Dataset records Start Marker
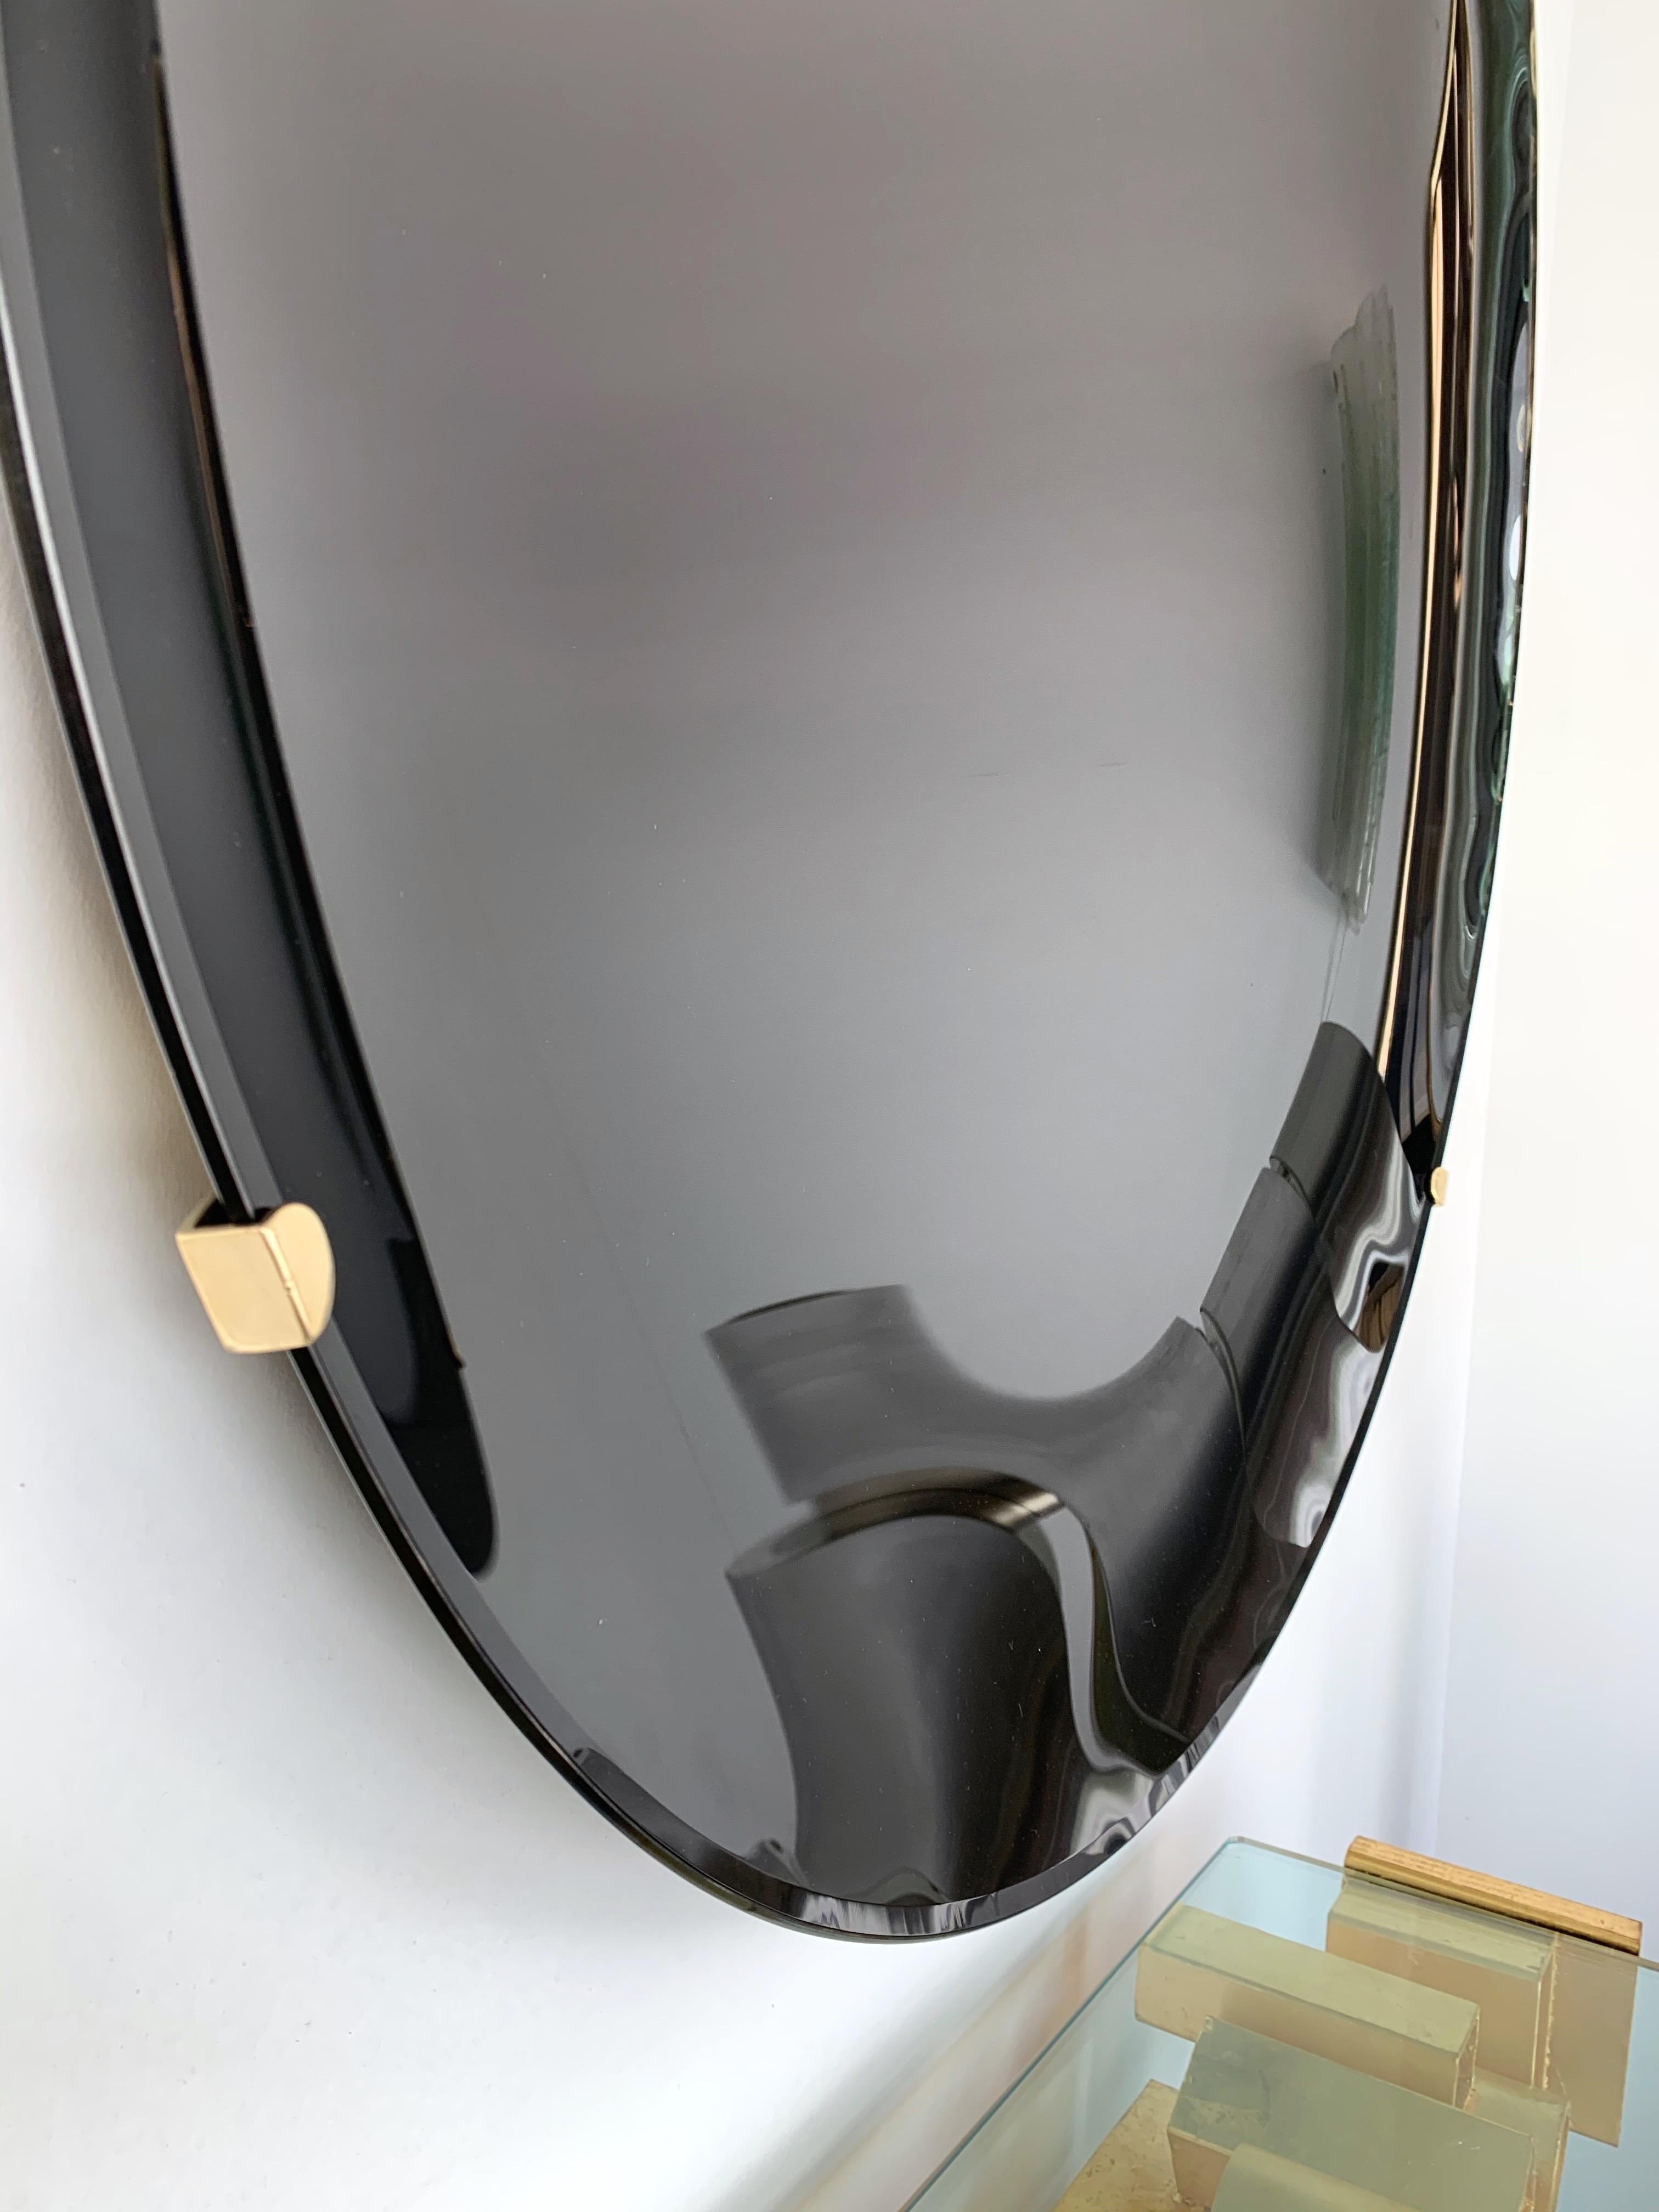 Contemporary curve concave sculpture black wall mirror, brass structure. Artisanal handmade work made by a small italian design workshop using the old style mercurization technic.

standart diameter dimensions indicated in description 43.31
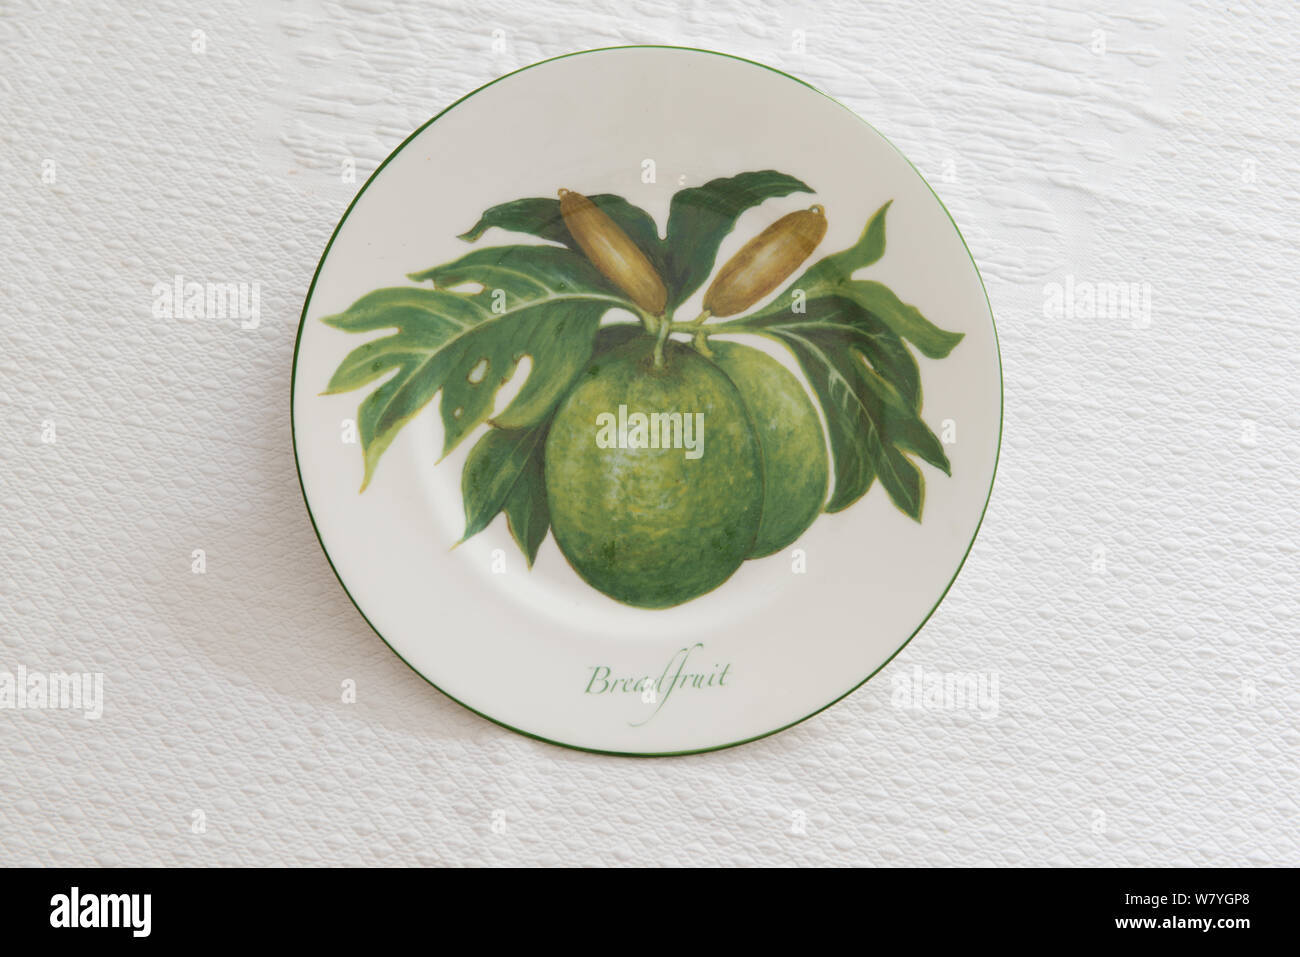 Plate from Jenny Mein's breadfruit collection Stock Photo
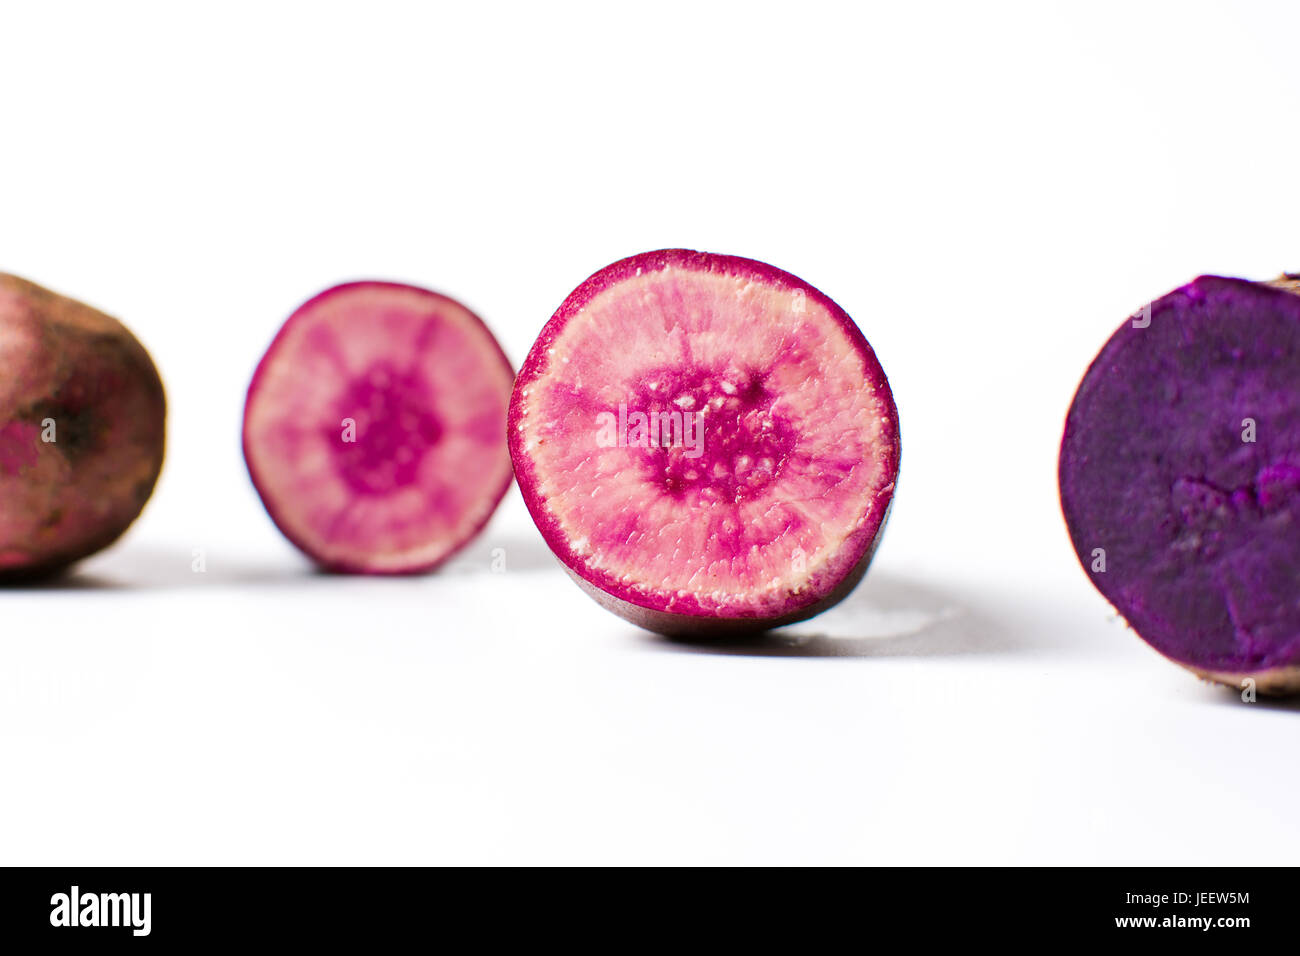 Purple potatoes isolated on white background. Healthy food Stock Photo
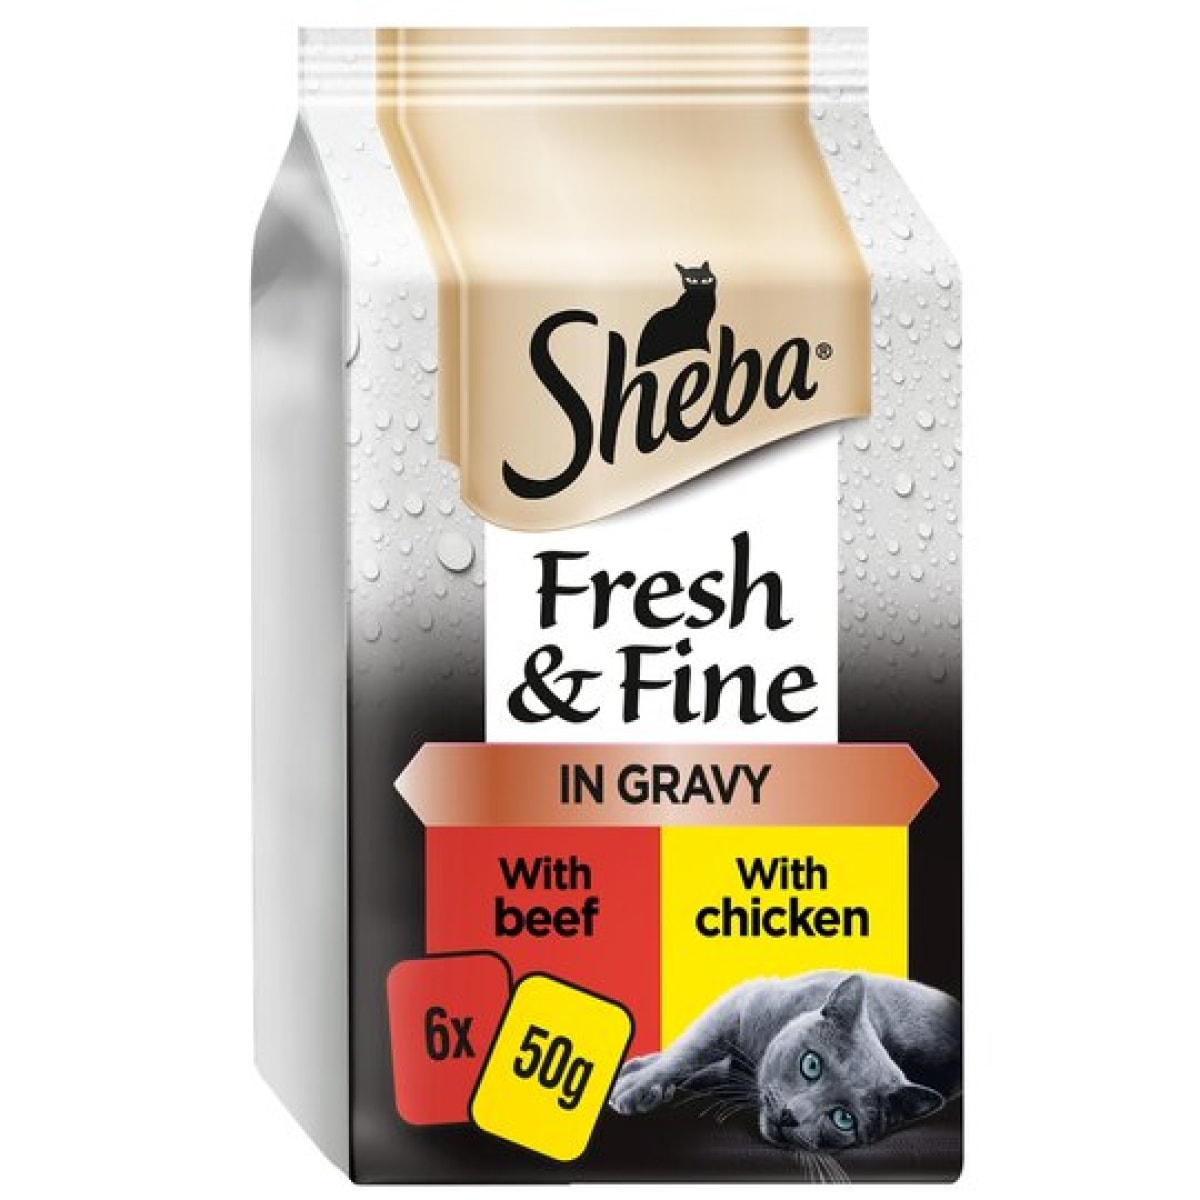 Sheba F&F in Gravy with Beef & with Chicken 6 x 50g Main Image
Dataset records End Marker
▸ About this exercise: Go to the line that contains "Plate from Jenny" and copy exactly from there through the last line of the records above, both included. Omit pictures.

▸ Response for this exercise:
 Plate from Jenny Mein's breadfruit collection Stock Photo
 Purple potatoes isolated on white background. Healthy food Stock Photo
 Sheba F&F in Gravy with Beef & with Chicken 6 x 50g Main Image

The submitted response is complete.